Creating oozie installer step-by-step

Automated oozie-installer steps are the following:

  1. creating jar packages: *.jar and *tests.jar along with copying all dependencies in target/dependencies
  2. reading properties from maven, ~/.dhp/application.properties, job.properties, job-override.properties
  3. invoking priming mechanism linking resources from import.txt file (currently resolving subworkflow resources)
  4. assembling shell scripts for preparing Hadoop filesystem, uploading Oozie application and starting workflow
  5. copying whole ${workflow.source.dir} content to target/${oozie.package.file.name}
  6. generating updated job.properties file in target/${oozie.package.file.name} based on maven, ~/.dhp/application.properties, job.properties and job-override.properties
  7. creating lib directory (or multiple directories for sub-workflows for each nested directory) and copying jar packages created at step (1) to each one of them
  8. bundling whole ${oozie.package.file.name} directory into single tar.gz package

Uploading oozie package and running workflow on cluster

In order to simplify deployment and execution process two dedicated profiles were introduced:

  • deploy
  • run

to be used along with oozie-package profile e.g. by providing -Poozie-package,deploy,run maven parameters.

The deploy profile supplements packaging process with:

  1. uploading oozie-package via scp to /home/${user.name}/oozie-packages directory on ${dhp.hadoop.frontend.host.name} machine
  2. extracting uploaded package
  3. uploading oozie content to hadoop cluster HDFS location defined in oozie.wf.application.path property (generated dynamically by maven build process, based on ${dhp.hadoop.frontend.user.name} and workflow.source.dir properties)

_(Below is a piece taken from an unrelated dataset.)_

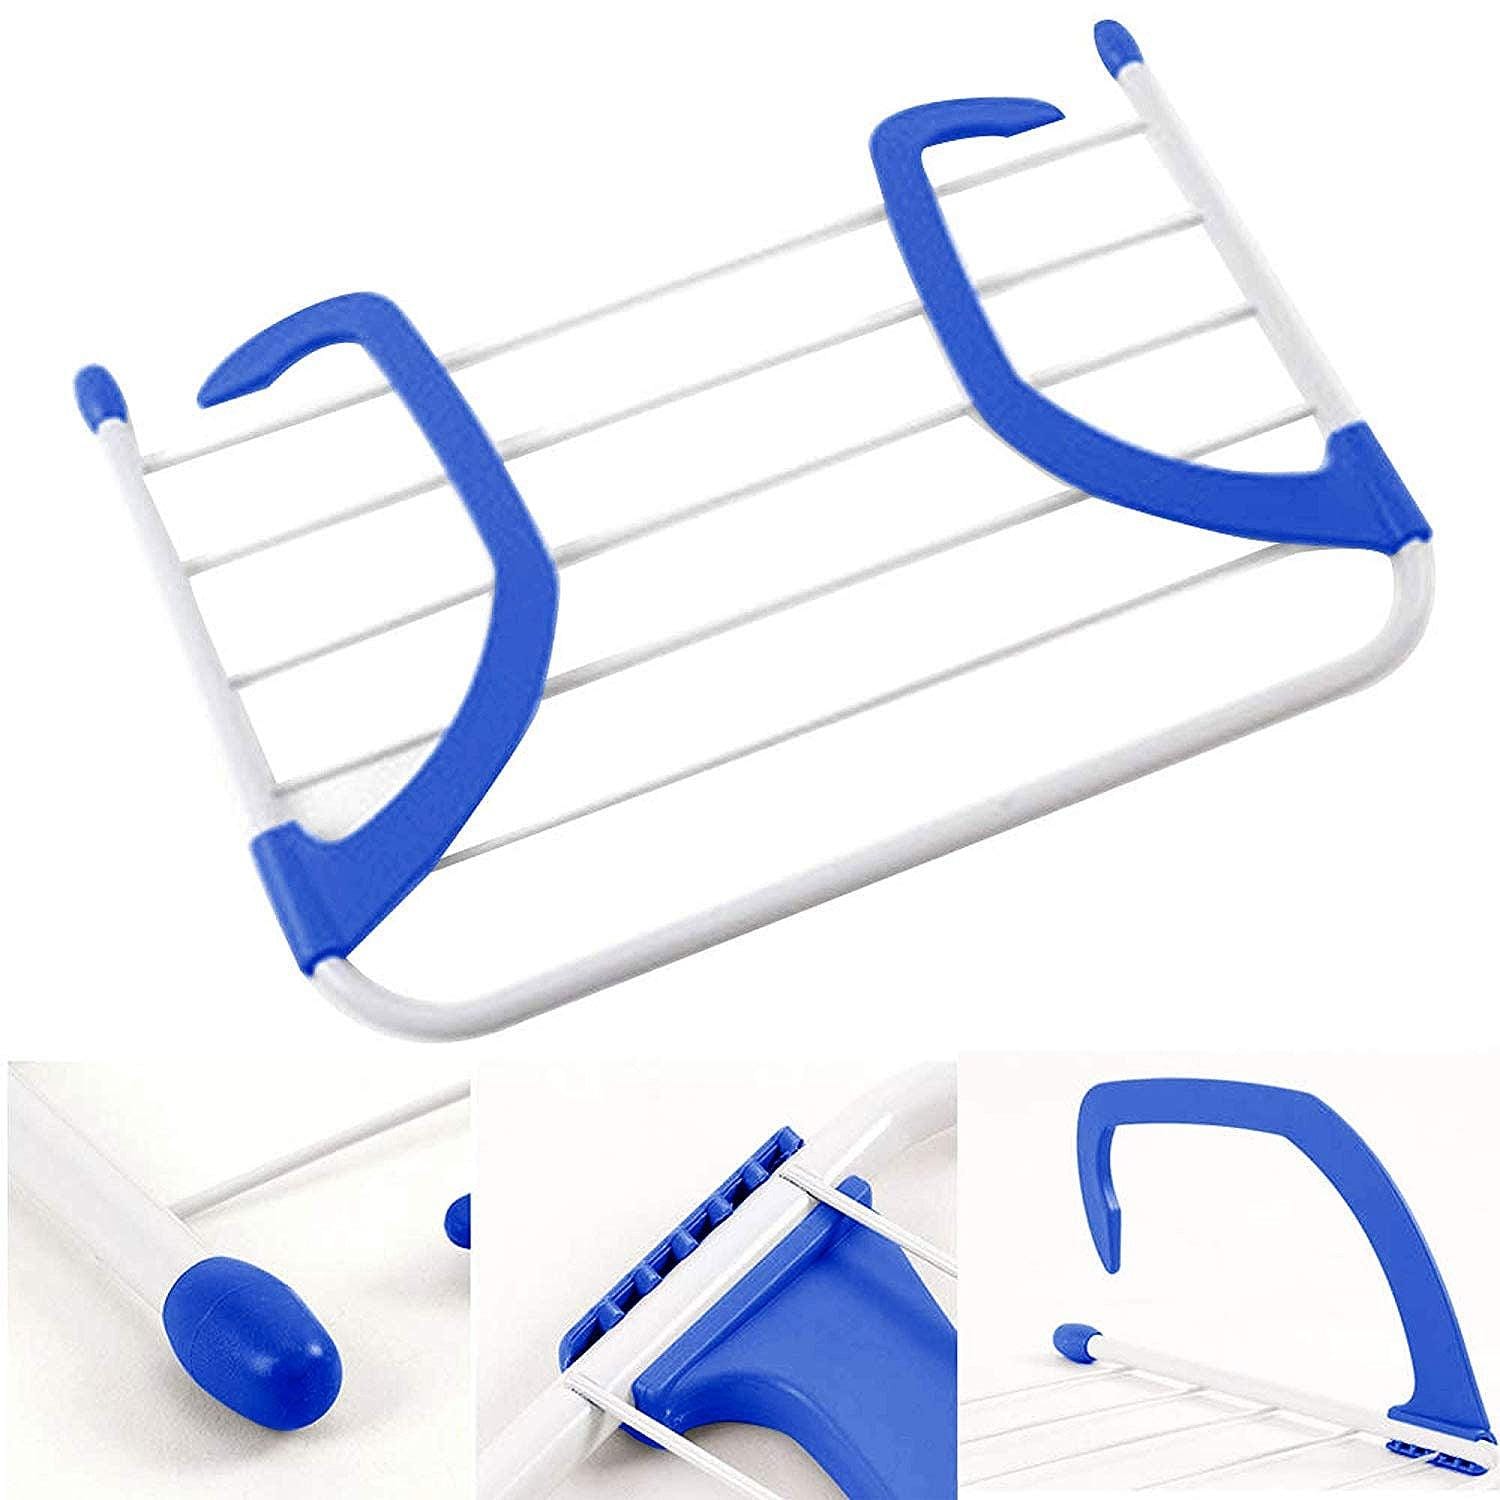 Portable Folding Metal Clothes Drying Rack with 5 Clothes Line (Blue) (3 Kilo Capacity)

The run profile introduces:

  1. executing oozie application uploaded to HDFS cluster using deploy command. Triggers run_workflow.sh script providing runtime properties defined in job.properties file.

Notice: ssh access to frontend machine has to be configured on system level and it is preferable to set key-based authentication in order to simplify remote operations.